Now, even students like Molden who were once eager to return to their normal college lives say that classes should be held remotely — at least for now. 

"I think they should just completely do remote learning for at least the fall semester, because it doesn't seem like the rate is getting any lower in North Carolina," says Duggal. "And if things were to get better, then spring could be in person, which would be nice. But at least for the fall, I feel like remote learning is the best option."

"I think that learning should have been kept online for at least a couple of months," says Molden,  adding that she wishes the school would refund remote students for services they no longer have access to, such as athletic facilities. 

"I understand it's a business thing, but also for students: we broke," she says. 

Brown says he thinks schools like his are afraid of students asking for such refunds. 

"I think that they're going to push staying on campus for as long as possible just so that there's not a big issue with refunds," he explains. "I don't think that they want to send us home. I don't think they want to go to online classes, but it seems like that's the best option."

He continues, "I want the in-person college experience just as much as everybody else because sitting in my apartment all day really does suck.
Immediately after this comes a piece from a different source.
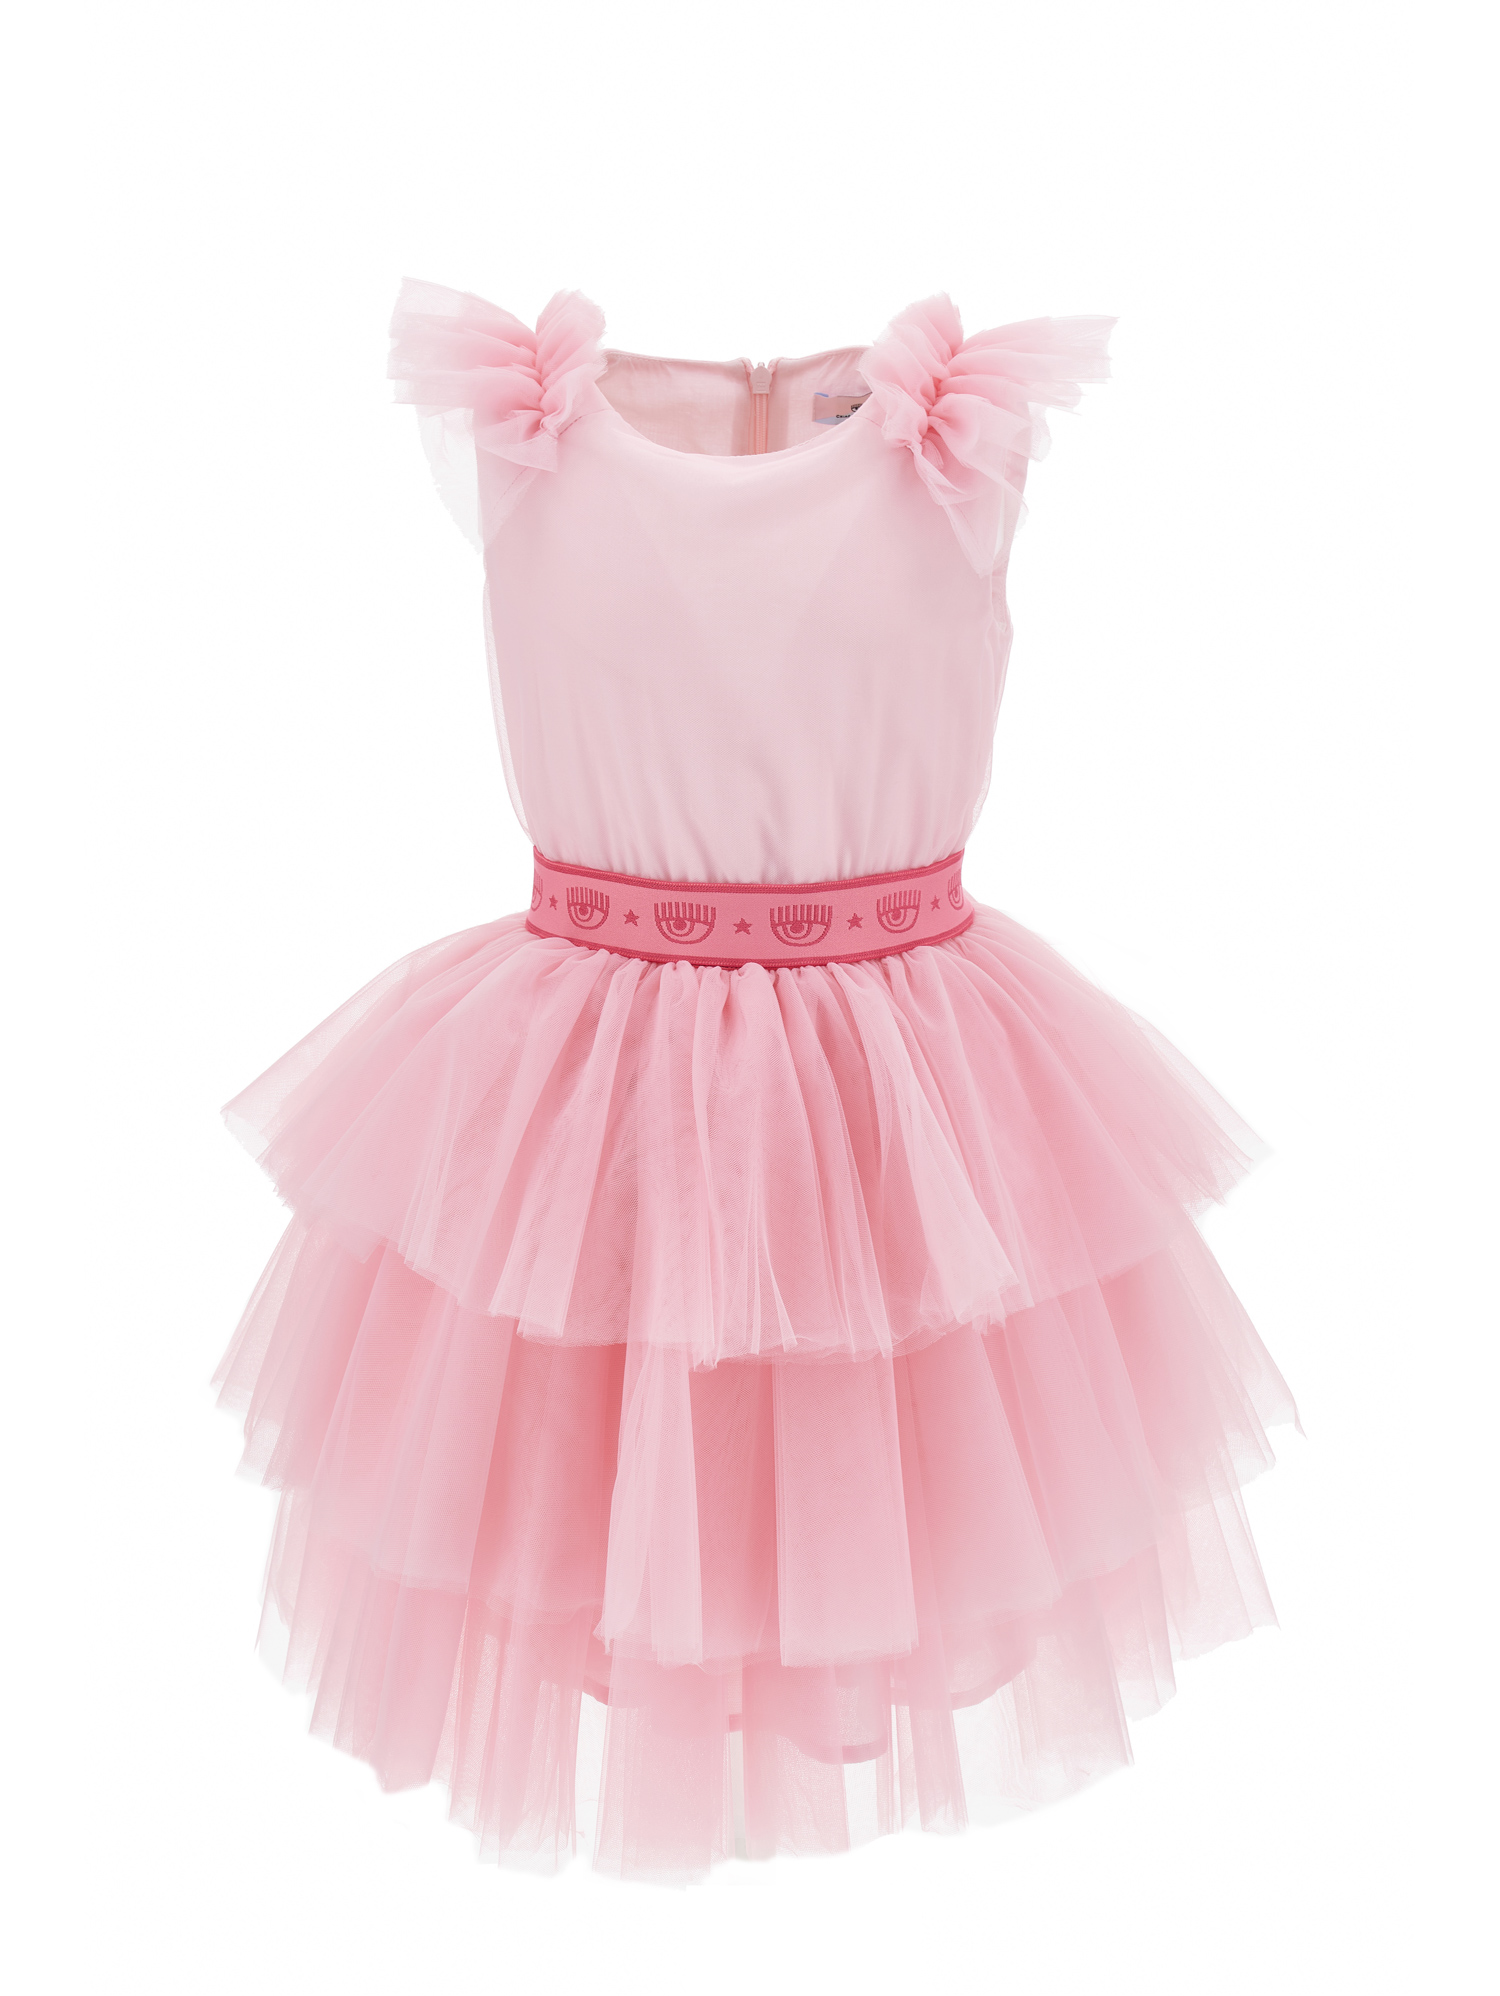 Chiara Ferragni Babies'   Cf Party Tulle Dress In Rosa Fairy Tale

But I think that everyone can agree that in the best interest and for the health of students, as of right now, school should not be in person just because it's not safe and people should not be allowed to drink at the bars until 12 a.m."

Reeves adds that as much as he wishes could make new friends the same ways college students have in the past, he "can't get too mad about it."

"Sure, it's a bummer, but at least we're not dying," he says. "It's just a necessary evil, I guess."